Заваленная артистическим хламом мансарда, куда поднимается герой, как в голландском натюрморте — пространство тихой жизни вещей. В кадре погруженный в таинственный полумрак «кабинет ученого», перегруженный аллегориями бренности, с оставленным на углу стола завтраком. «Обиталище коллекционера», — комментирует Михаил.

Взгляд скользит по загроможденному стеллажу. Стопка книг пизанской башней навалилась на старенький телевизор. Из вороха папок и альбомов торчит резная ручка погребенного под ним кресла. Холсты на подрамниках, графика в стекле и багете слоями, рядами стоят по углам, прислоняются к мебели, занимают простенки, повешены поверх полок. Скос обклеенного афишами потолка, из наклонных окон льется мягкий, рассеянный свет. Пространство наполняется тихим плеском едва различимых слов: «…сейчас отпущены, можно начинать дышать… иглу Дюфо… отпустите правое… смещаем… Марго, еще чуть-чуть на меня». Разговор в операционной накладывается на кадры колоритной мансарды.
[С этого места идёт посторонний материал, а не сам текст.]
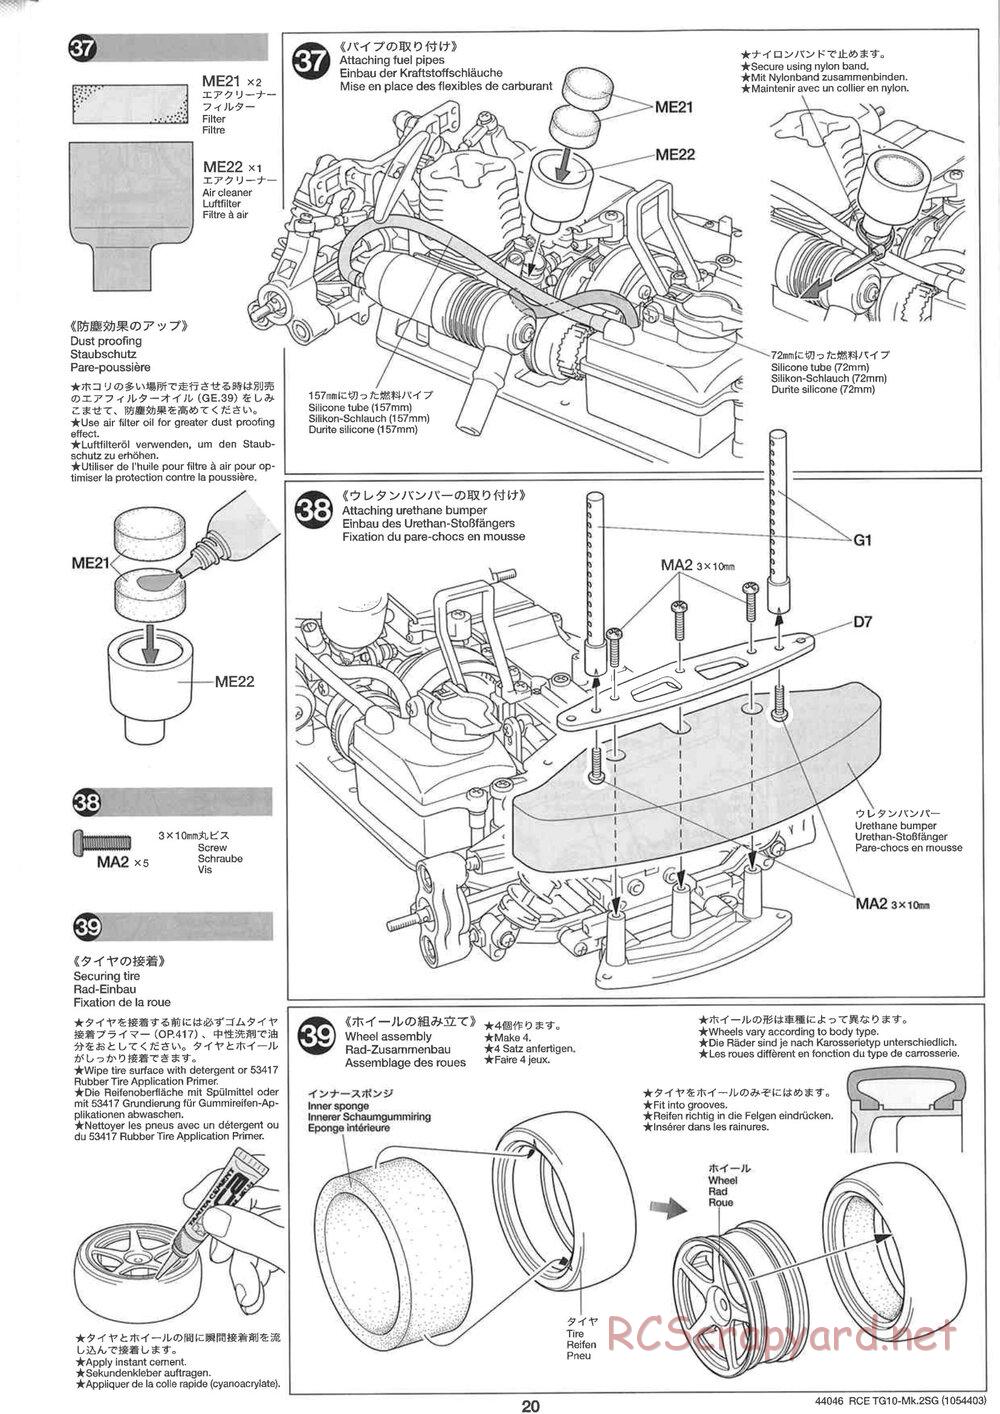 Tamiya - TG10 Mk.2SG Chassis - Manual - Page 20

Так, через звук, на экране возникает совершенно сюрреалистический план операции на открытом сердце. Оно полыхает в середине кадра, окруженное шевелящимися пальцами, протянувшимися из сумрака, скрывающего группу хирургов. И вот емко, лаконично, с помощью монтажного стыка в картине появляется оппозиция двух воплощений, двух форм реализации героя. 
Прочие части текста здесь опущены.